We can certainly improve because while they are backed-up twice incase of hardware failure, they are still within the same physical premises. They are subject to fire and earthquake damage. To be absolutely safe, one should be off-site! (And much of the Material Conference data is also in NextCloud somewhere in Germany)

Email IMAP versus POP3

All of our email is setup as IMAP. Most people are probably setup in a similar way. This allows us to check the same mailbox on the web, our devices, desktops and elsewhere without making those messages unavailable. But do you have a backup of your mailbox? Locally, your app will have retrieved some of the messages, maybe just the sender and subject info? The majority of emails probably exist only on the server.

Having an email backup is something you’d expect your service provider to have in place and they probably do, but best to always do something yourself (if possible).

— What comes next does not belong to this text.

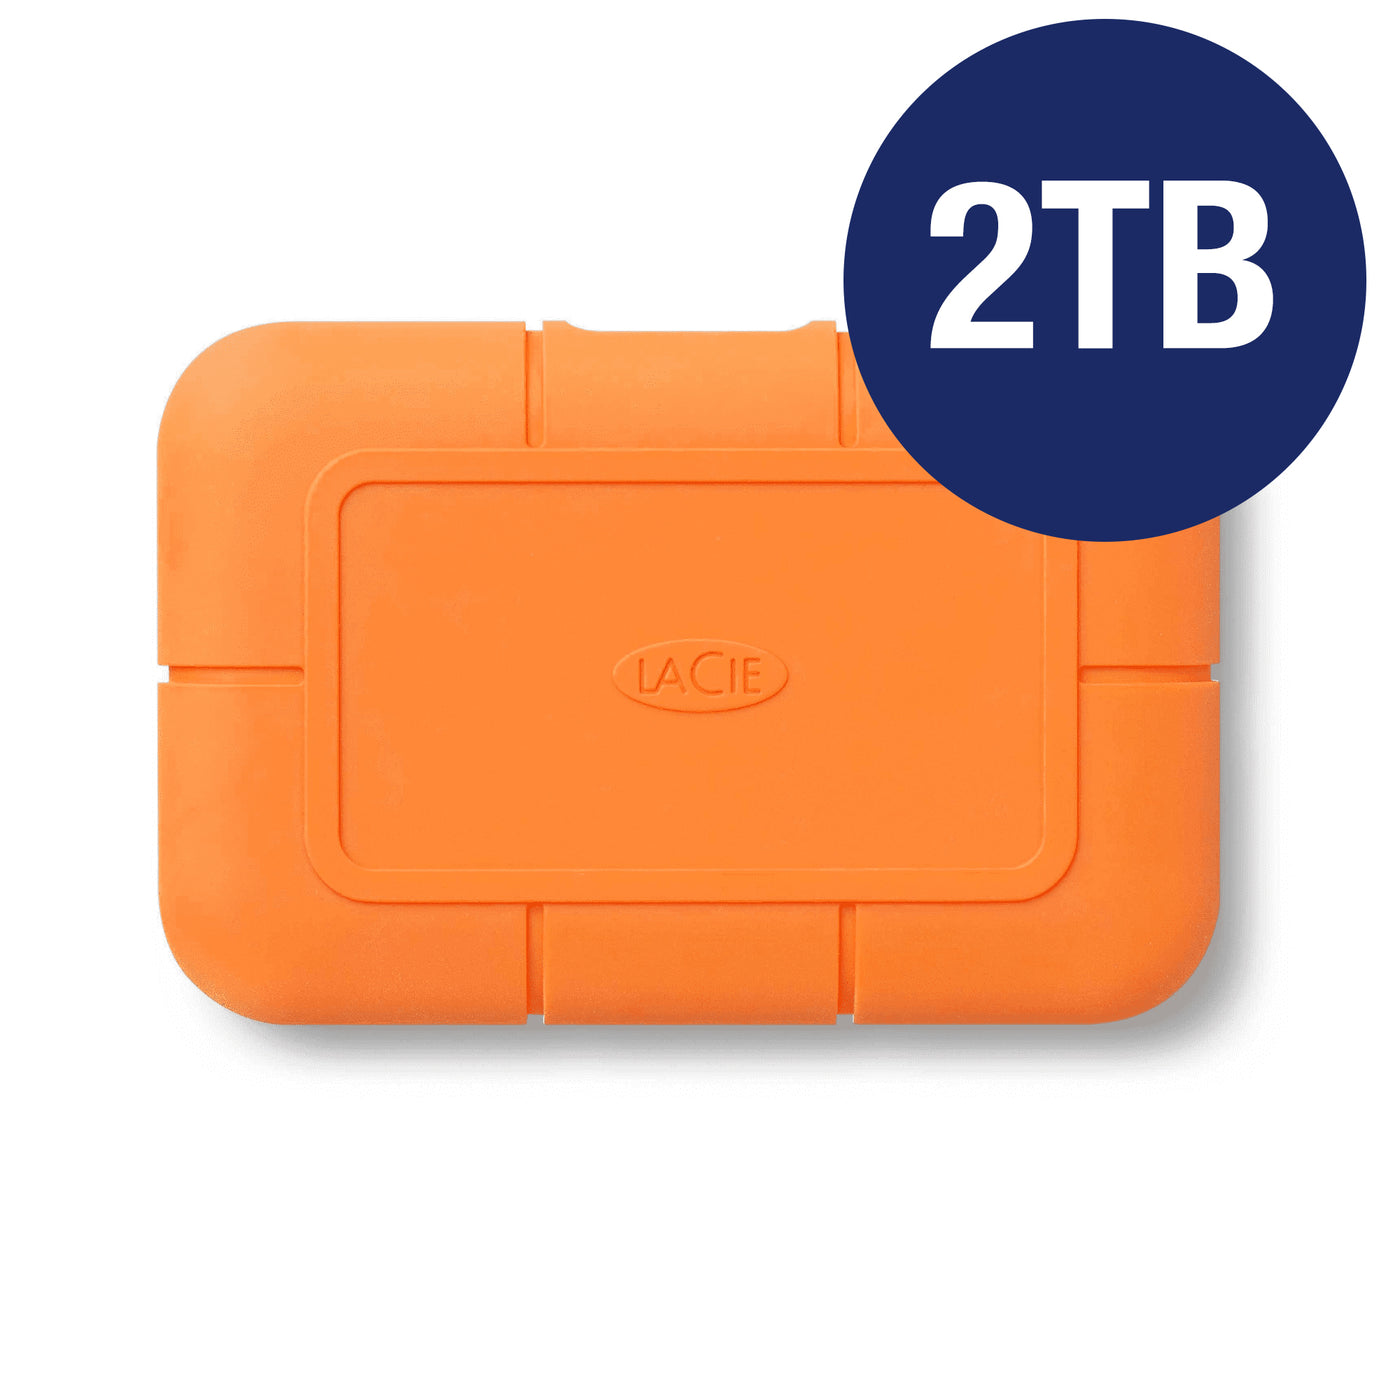 LaCie Rugged SSD USB-C with Rescue 2TB

For instance, there are situations where hosted backups wouldn’t help! When one of our clients went bankrupt all of our email correspondence using the corporate email address disappeared when we got locked out. Had those emails been POP3 and not just webmail, we would have had a copy for the lawyers.

Conclusion

At a previous job, someone in the ops team once said “You don’t have a backup until you restore it”. And that’s absolutely true! That’s the elephant in the room. Sure, we go through the steps to make sure we have our important data on an external hard disk or remotely saved, but until we actually try to restore from that backup we aren’t 100% certain it will work.

Schrödinger’s backup box: until you restore, it is both simultaneously a working backup and not.